NBC Promotes Newsweek Columnist's Book on Glorious F.D.R.

May 6th, 2006 6:02 AM

Newsweek's Jonathan Alter has a new book out on the glories of Franklin Delano Roosevelt, so it's natural that he would be offered an interview on NBC's "Today" to promote it. On Tuesday morning, in the 9 am hour, news anchor Ann Curry helped guide Alter through the promoting:

Curry: "Roosevelt's optimism created what Newsweek columnist and NBC News contributor Jonathan Alter calls the defining moment, "FDR's Hundred Days And The Triumph Of Hope." It also happens to be the title of his new book. Jonathan, pleasure, good morning...."You know Roosevelt calls March '33 his 'rendezvous with destiny.' What made him so good at sparking optimism at a time when there was great depression, really?"

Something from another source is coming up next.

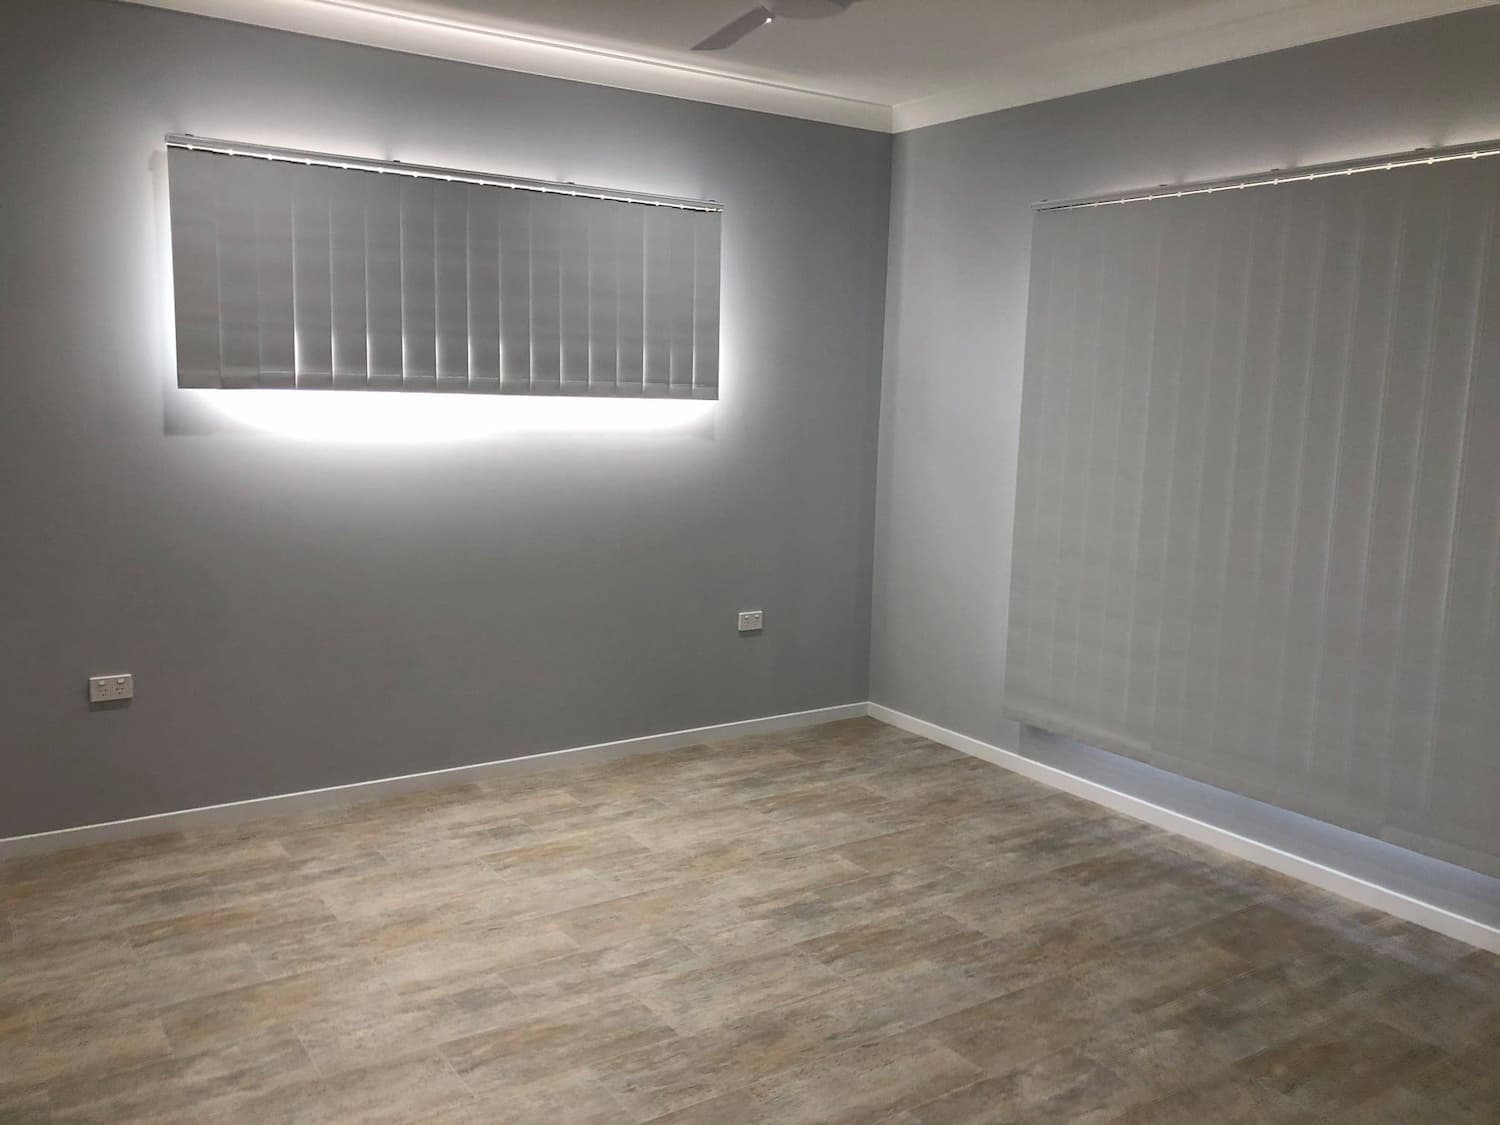 Empty Room - Home & Renovation Builders In Palm Grove, QLD

Alter: "You have to, you have to remember this was the bottom. And this was worse than 9/11 for people who remembered it and talked to me about it. If you had put your money in the wrong bank and 10,000 banks went out of business you were done. People now when they say they're broke, they, they say, 'well I've got $5000.' This is like $5 left buried under the mattress. And so when Roosevelt said the only thing we have to fear is fear itself, it wasn't true. People actually had a lot to fear about how they were gonna put food on the table. But he was able to create this sense of hope that there was a future and it saved, this is hard for us to believe, but it saved both democracy and capitalism within just a few weeks because at that time dictatorship had a positive connotation and a lot of people wanted it."

Curry: "And he resisted that temptation."

Alter: "Yes he did. And I found a new document that showed that he almost took dictatorial powers. Remember he had just barely escaped assassination a couple of weeks earlier and a lot of people thought he had been saved by God for this purpose of saving the country. He decided not to become a dictator and he substituted his character and his astonishing leadership qualities. This is a book about leadership Ann and I think it's relevant for our, our times now because it's really about what good, great leadership can do when you're in trouble."

From there, they discussed how FDR was the "original Great Communicator," especially his radio "fireside chats." Alter made it sound like Roosevelt caused a radio revolution. In fact, Calvin Coolidge was the first president to really use radio, but since he's been thoroughly demeaned by liberal historians, liberal journalists aren't about to give him credit:

Curry: "You know Oliver Wendell Holmes described him as 'a second class intellect but a first class temperament.'"

Alter: "Absolutely. I mean he was, Winston Churchill described him as like opening a bottle of champagne when, when you met him. But his public temperament is what did him so much good and the country so much good in this period. You know we now take for granted when we see on the Today show when people speak conversationally to the public. When he did that in 1933 with that first fireside chat it was revolutionary. For thousands of years before the invention of the microphone people would shout when they were talking to the public. And, and, and I read, you know, thousands of letters in the Roosevelt Library, they all said the same thing. 'It felt like you were in my living room with me.' They thought it was magic almost. And it totally changed the relationship between public people and private citizens. And all of television and radio now is done conversationally as, as you know and that comes from this speech, this first fireside chat."

Curry: "But where did it, where did it, how did it come to him though? I mean how did he break that mold?"

Alter: "It's a great story."

Curry: "Was it, was it his mother who loved him..."

Alter: "Yeah."

Curry: "...so intensely. Was it his disability that made him tender?"

Alter: "Well his, his polio and I got a lot in the book about how polio changed him and, and made him a more caring and understanding human being. His mother was critical. His mother Sarah, whose been kind of sideswiped by history and Eleanor obviously was critical and in the case of this speech he actually looked at a workman taking down some scaffolding and he said, 'how can I write a speech that he will understand that can connect with him?' Before that you didn't see that much of that in American politics. They sort of declaimed from on high, you know the tone? And, and he changed the whole tone of American leadership."

As they ended, Alter returned to the point of suggesting that President Bush isn't much of a leader, and that he's not really accountable, and he's surrounded by yes-men.Curry asked the open-ended question: "What lessons can we learn, can our leaders learn from FDR?"

Alter: "Many lesson but one I want to focus on about Eleanor because there's a lot about her in this book is that she was his eyes and ears. And she went around the country with her very close friend who she may or may not have had a romantic relationship with, but the key thing was they gave Roosevelt information about what programs were and were not working. Any effective leader in management, government, anything, they need an accountability process. And Eleanor was able to help him become a great president even though she didn't want to be First Lady."

Curry: "And she wasn't a yes man or a woman and that's the danger in leadership."

Alter: "Exactly, that's, that's critical. She was very reluctant and depressed before they came into office but she came into her own and she helped make him a great president."

Curry: "Alright on that note we have to leave it. Jonathan Alter, interesting, like opening a bottle of champagne and that may well be how people greet your book. You can read an excerpt from The Defining Moment on our Web site at today.msnbc.com."